Travis Stimeling is an associate professor of music history at West Virginia University, a series editor and author with WVU Press, and a member of the WVU Humanities Center advisory board. He was instrumental in helping bring Elizabeth Catte, the press’s new editor at large, to WVU for this week’s talk cosponsored with the humanities center and the David C. Hardesty Jr. Festival of Ideas. Here he responds to Catte’s presentation.

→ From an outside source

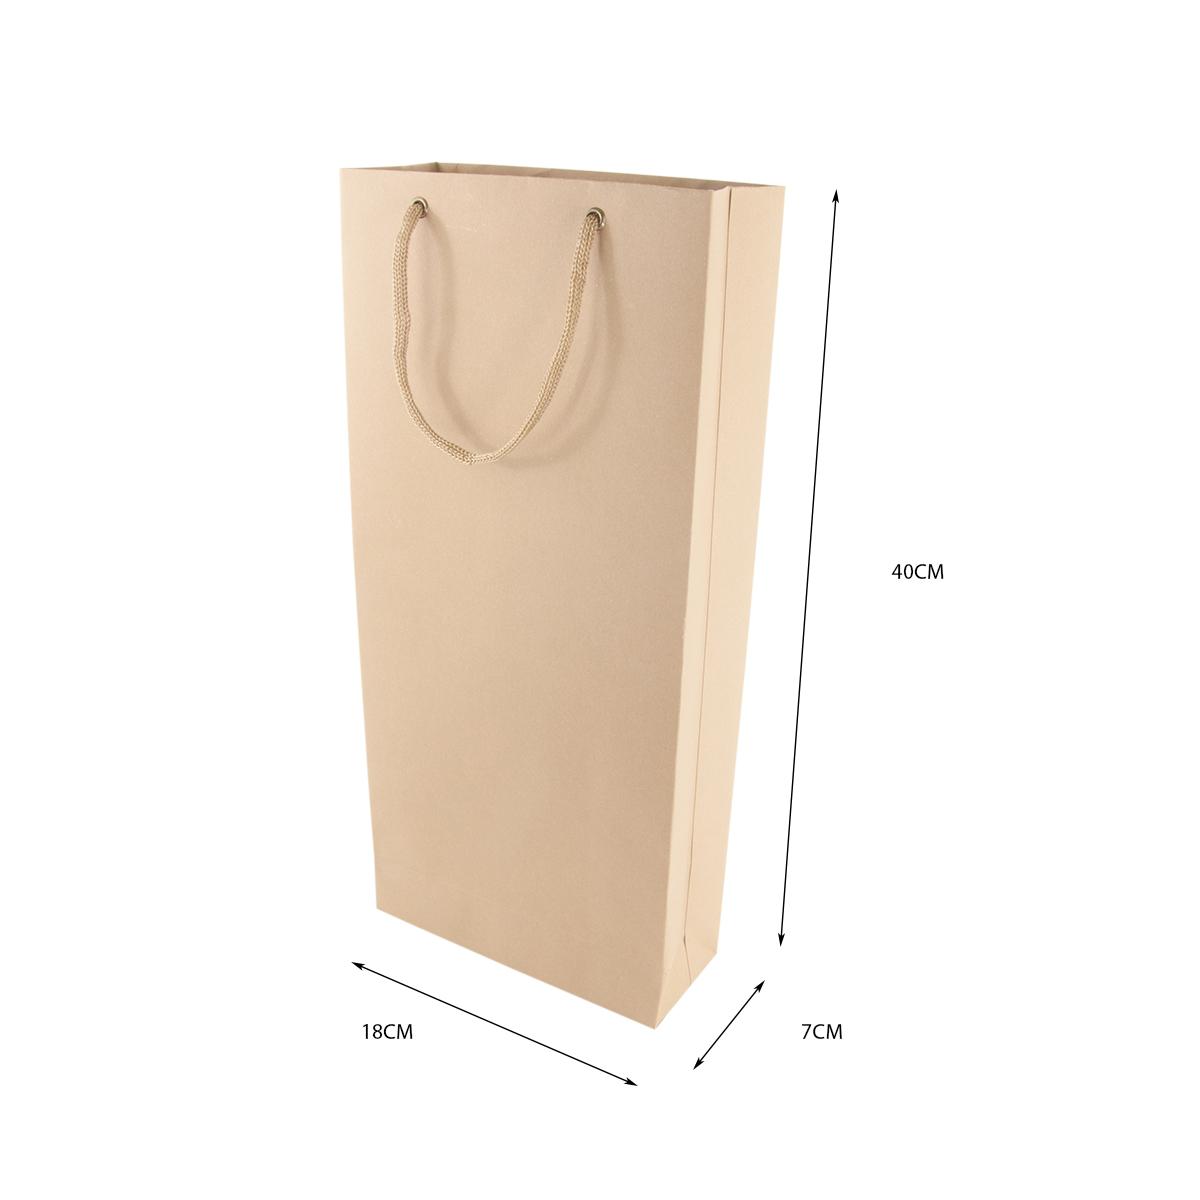 Sacola para 2 Garrafas Vinho Kraft 40x18x7 - 10 Unidades

Earlier this week, WVU Press’s new editor at large Elizabeth Catte visited Morgantown to participate in WVU’s Festival of Ideas and to serve as a much-needed counterpoint to Hillbilly Elegy author J.D. Vance, who spoke at the university on February 21. Vance’s talk reinforced familiar negative stereotypes about Appalachia at nearly every turn—we’re deliberately ignorant, too lazy to work, and too dependent on government assistance to want to do anything to take ownership over our lives—and blamed “environmental” and “cultural” factors for the region’s problems. On the other hand, Catte—who holds a Ph.D. in public history from Middle Tennessee State University—argued that these negative stereotypes have often been deployed by people who did not always have the best interest of Appalachians at heart, including missionaries, extractive industry leaders, politicians, and even eugenicists.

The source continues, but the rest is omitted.